Monk, o labirinto harmônico
Thelonious Monk ofereceu a Coltrane um desafio diferente do de Miles, colocando um piano dentro do labirinto harmônico, com temas angulosos e paciência para trabalhar frase por frase.
Enquanto Miles ensinava pelo espaço e pelo silêncio, Monk mostrou a mecânica oculta das composições, permitindo que Coltrane gastasse sua energia acumulada em problemas harmônicos maiores.
As temporadas no Five Spot Café serviram como laboratório público, onde solos longos e repetições viraram forma de investigação musical.
‘Blue Train’ e a construção diária do ofício
No dia 15 de setembro de 1957, ele entrou no estúdio de Rudy Van Gelder para gravar ‘Blue Train’, seu único álbum para a Blue Note, com tempo de ensaio e cuidado de repertório.
O disco não inventa tudo de uma vez, mas captura um músico de 31 anos que, livre das drogas, já assumia a autoria da própria confusão e testava novos mecanismos no improviso.
Com faixas como a que dá nome ao álbum, pode-se ouvir uma combinação de aspereza e concentração, a sensação de recuperação e o esforço físico que atravessava seu som.
O passo seguinte e o legado
Coltrane não nasceu em 1957, e o quarto onde teria vencido a abstinência não fabricou um gênio instantâneo, mas criou condições para que o trabalho quotidiano florescesse.

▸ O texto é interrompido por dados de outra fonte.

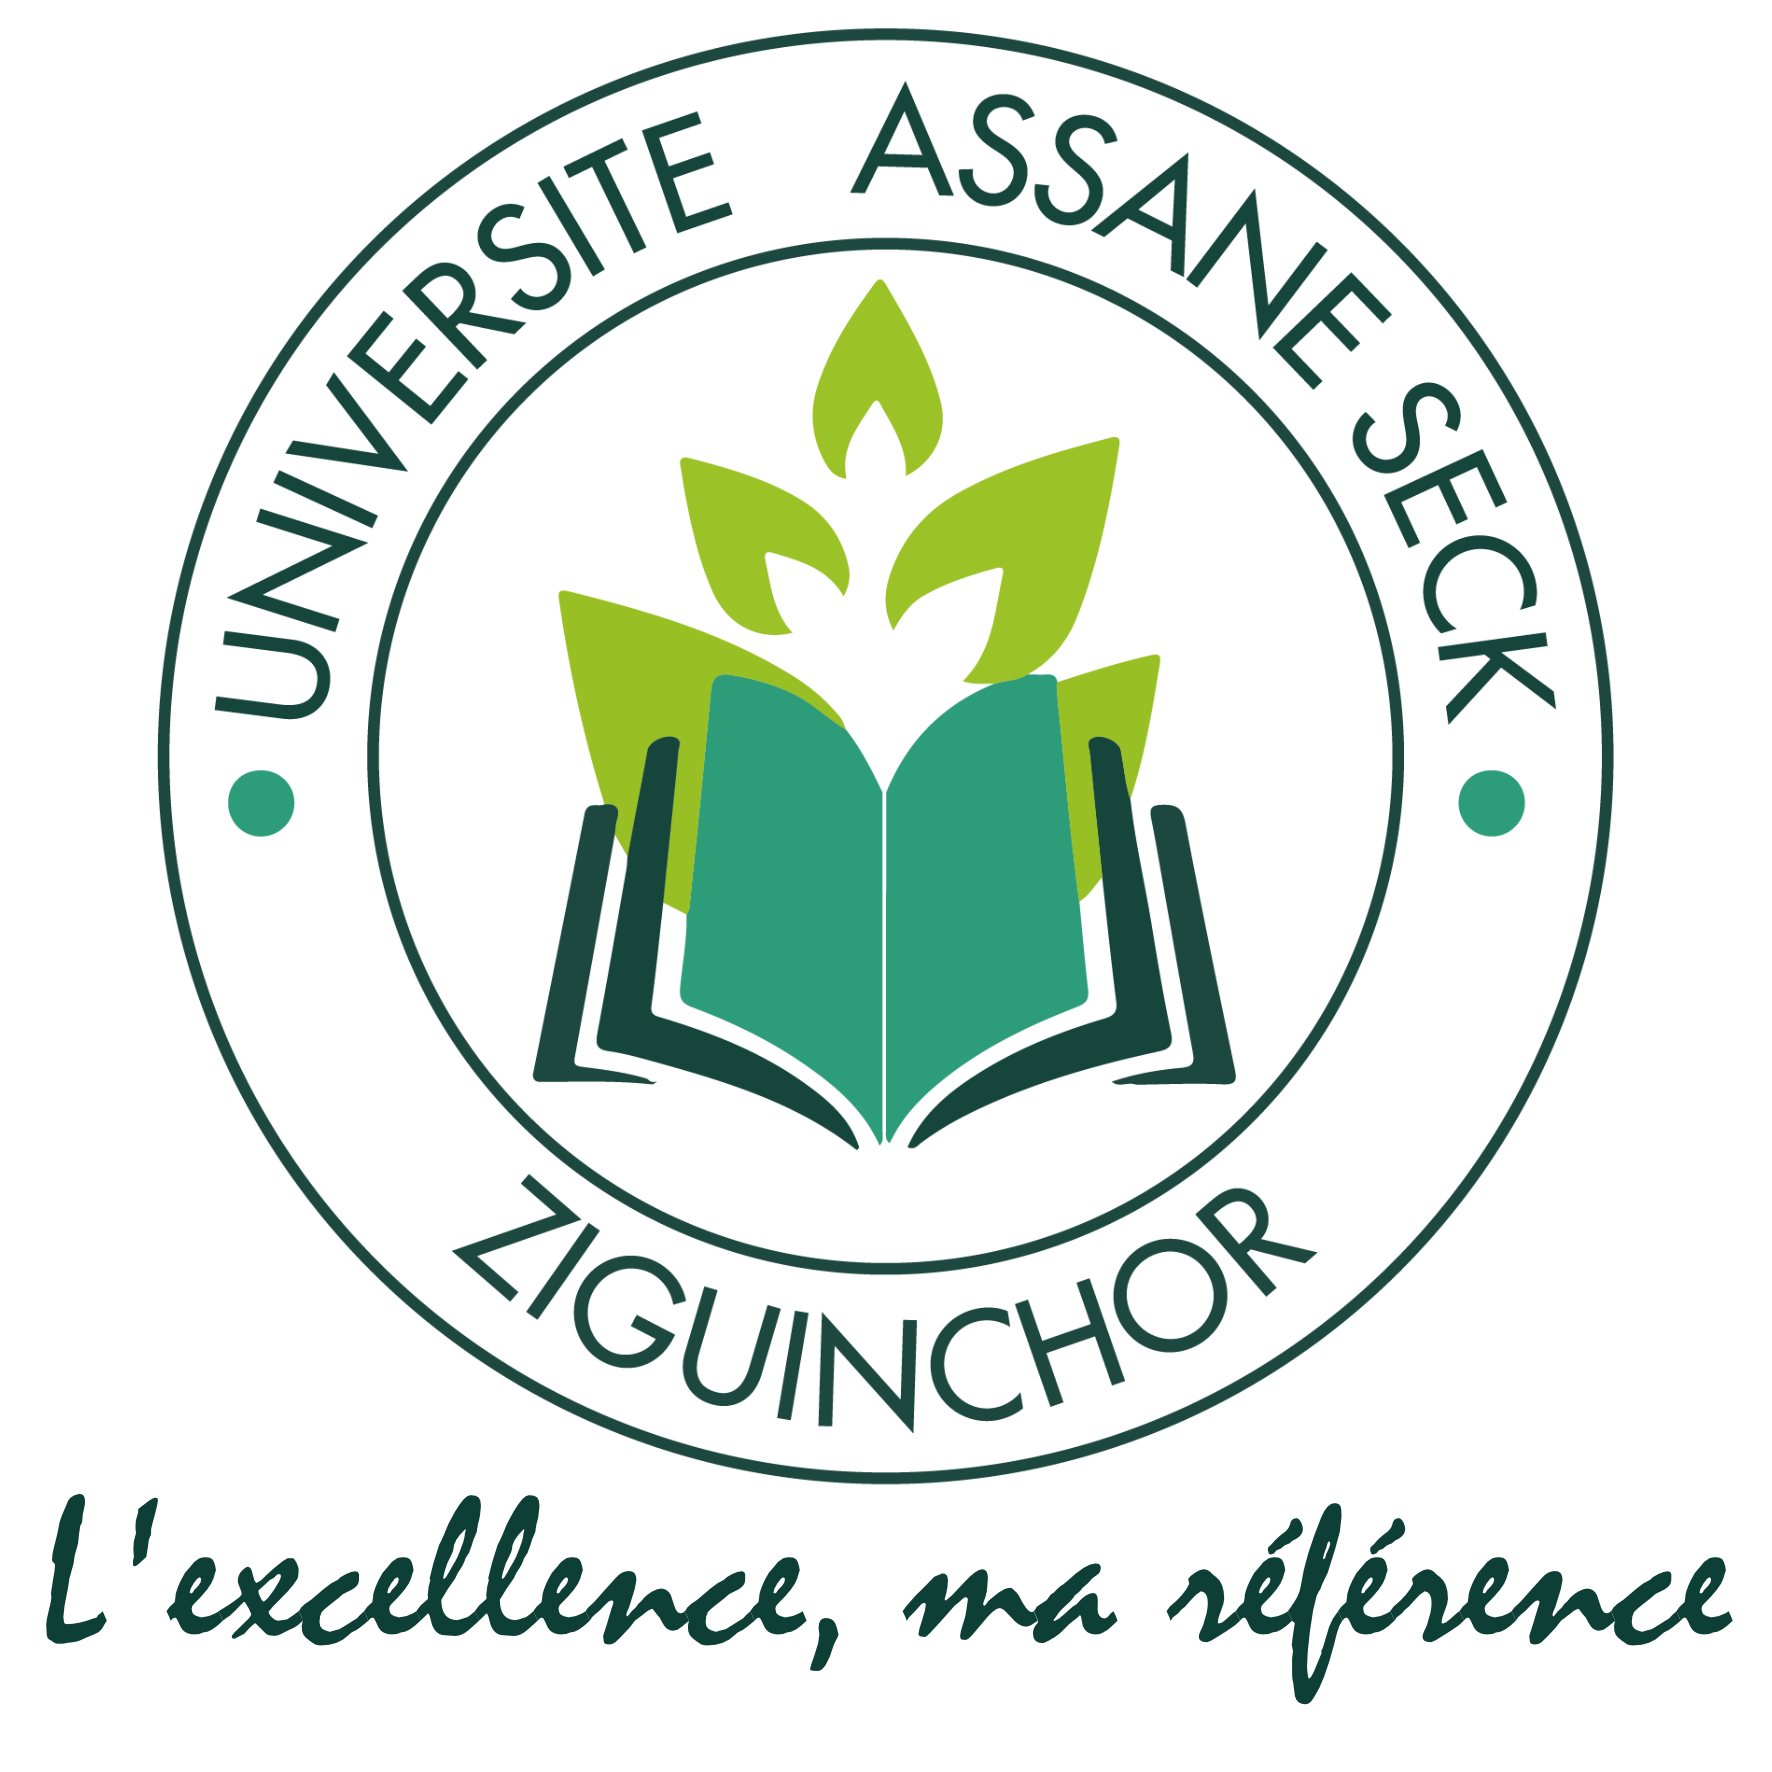 Candidature au Master Sciences de l’Atmosphère et de l’Océan (SAO) | Université Assane Seck de Ziguinchor

Ele voltaria ao grupo de Miles, participaria de ‘Milestones’ e ‘Kind of Blue’, e mais tarde chegaria a ‘A Love Supreme’, após um processo longo que começou a acelerar naquele ano.
A transformação de 1957 mostra que a verdadeira revolução, muitas vezes, é a capacidade de simplesmente trabalhar com disciplina, e é isso que definiu o caminho artístico que se seguiu.